Overview of Monitoring System with Prometheus and Grafana

12 min readNov 27, 2023

Hello, my name is Seva, and I work as a backend developer at Doubletapp. I also handle some devops tasks. In this article, I’ll share insights into monitoring our backend applications: collecting metrics, visualizing them, and sending notifications. I’ll provide examples of configurations with detailed comments and share GitHub links.

At Doubletapp, we are engaged in outsourcing development. We often receive new projects, and some of the older ones transition into a support mode. This results in having many services where active development is no longer ongoing, and they are deployed on clients’ servers. To avoid learning about issues from users days later, we need an overview system that collects metrics from all projects and answers questions such as:

Is the server/service alive?
How is the Requests Per Second (RPS) changing?
What is the response time?
Is there enough memory and CPU?
How much disk space is left?

For this purpose, we chose a popular solution: collecting metrics using Prometheus, displaying them on dashboards in Grafana, and sending alerts to Telegram through Prometheus Alert Manager.

Prometheus

Applications are usually deployed on cloud services, and each client has their own infrastructure. Therefore, we cannot use service discovery, which allows Prometheus to automatically detect new objects such as Docker containers on a host or pods in a Kubernetes cluster.

Instead, we use static configuration. Editing the config has to be done manually, but it allows us to configure each source: specify the interval for collecting metrics, the endpoint, authentication data, and more.

Prometheus Configuration

prometheus/prometheus.yml:

# The global section specifies parameters for all metric collection configurations
global:
  # Default interval for scraping metrics
  scrape_interval: 10s
  # Interval for evaluating rules for alerts (more details in alerts.yml)
  evaluation_interval: 10s


# List of metric collection configurations
scrape_configs:
  # Name of the process collecting metrics
  - job_name: example-service
    static_configs:
      # List of domains/IPs from which metrics will be collected
      - targets:   
         - example.url.com
        # Additional data to be added to the record
        labels:
          # Project name
          instance_group: example_project
          # Application environment
          instance_env: test
          # Type of metric source
          instance_type: service
          # Team responsible for the project
          team: backend
. . .

To add a new service, you need to modify the config and restart Prometheus.
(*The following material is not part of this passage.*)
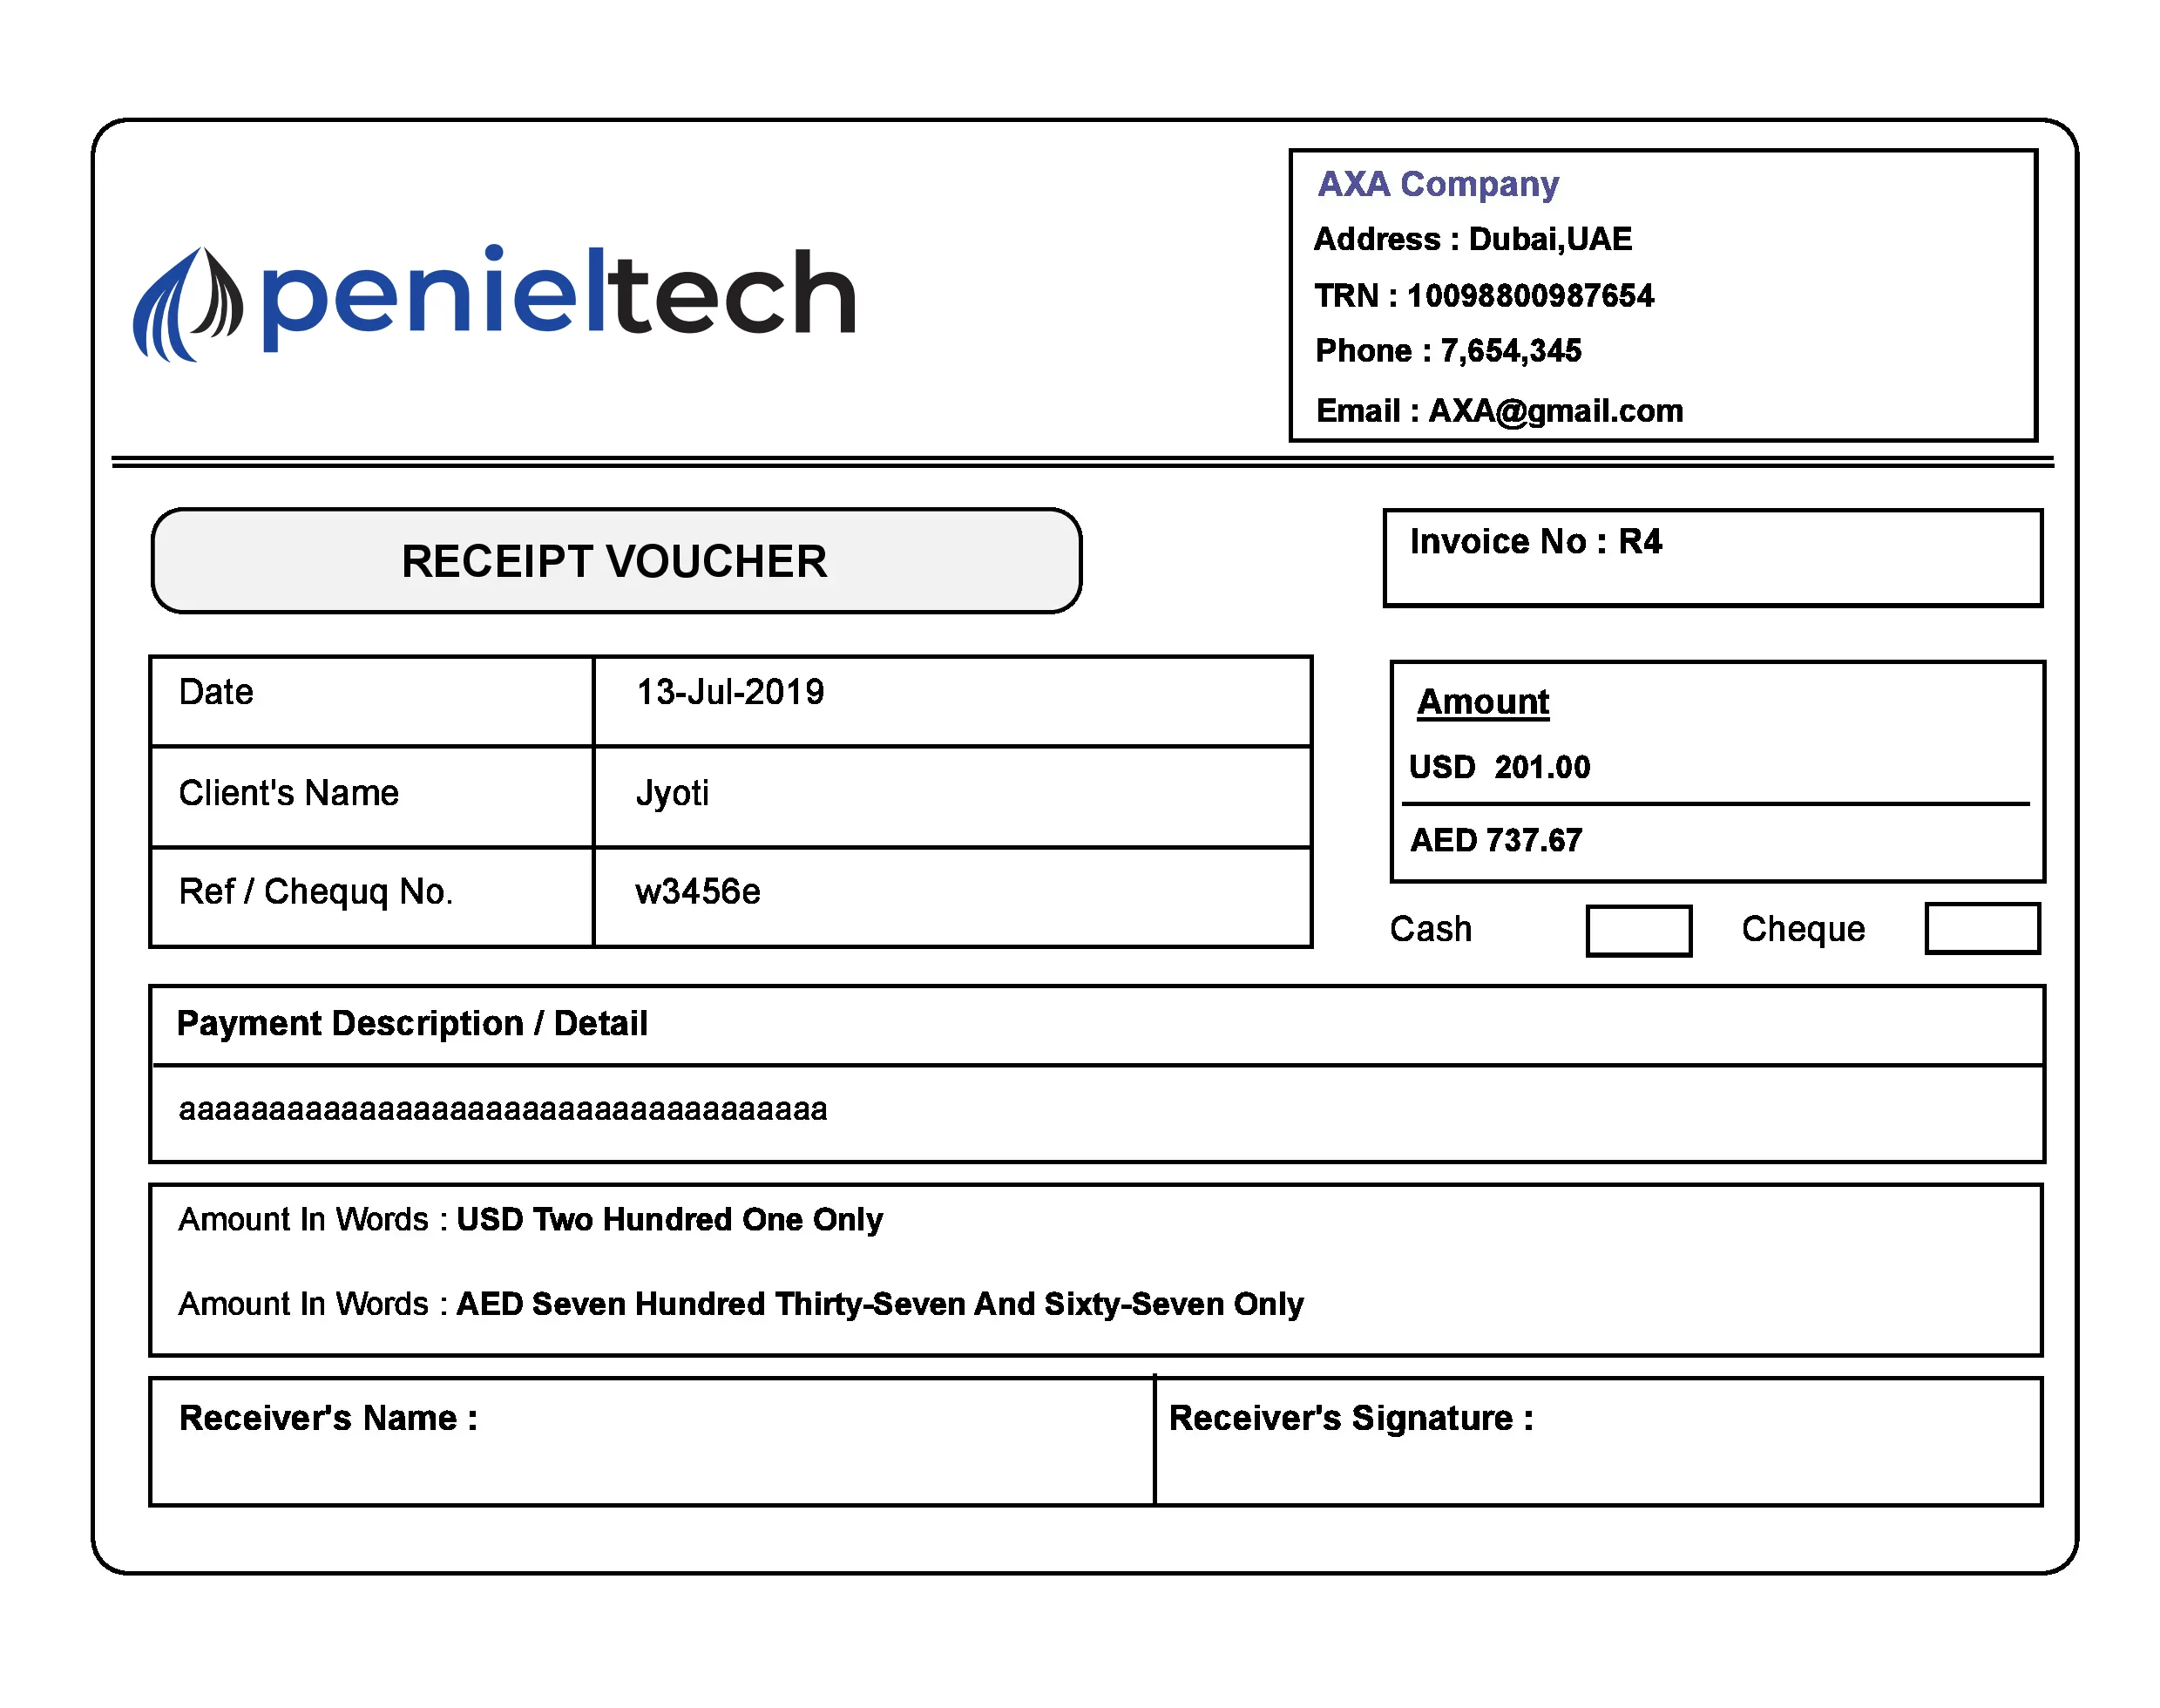 QuickBooks receipt voucher customization Penieltech

You can enable configuration reloading at runtime, but we simply restart Prometheus during the rollout of a new config via CI/CD.

Collecting Metrics

Unlike Graphite or InfluxDB, Prometheus goes into services and fetches telemetry from them. For this to work, the service must provide an endpoint with information about its state in a format understandable by Prometheus — either their own format or OpenMetrics.

This is usually done using an exporter — a daemon that looks into the system logs, prepares telemetry, and provides it via HTTP/S. Ready-made exporters are already available for most existing services. In a simple case, you can implement /metrics in the application itself, for example, if you only want to check if the application is running and ready to handle requests.

Exporters usually work over HTTP without authentication by default, allowing anyone to access them. It’s essential to set up TLS and authorization. This can be done either through the exporter’s settings or with a proxy like Nginx.

Application Metrics

For all our projects, we use Nginx to proxy requests to the API. Therefore, we can build basic metrics from its logs. There is an official exporter from Nginx Inc. For the standard version of Nginx, you can get information about active connections and the number of processed requests, but we need more information, at least HTTP response codes and request processing time. The official exporter can collect this data from the Nginx API, but it is only available in the Nginx Plus version.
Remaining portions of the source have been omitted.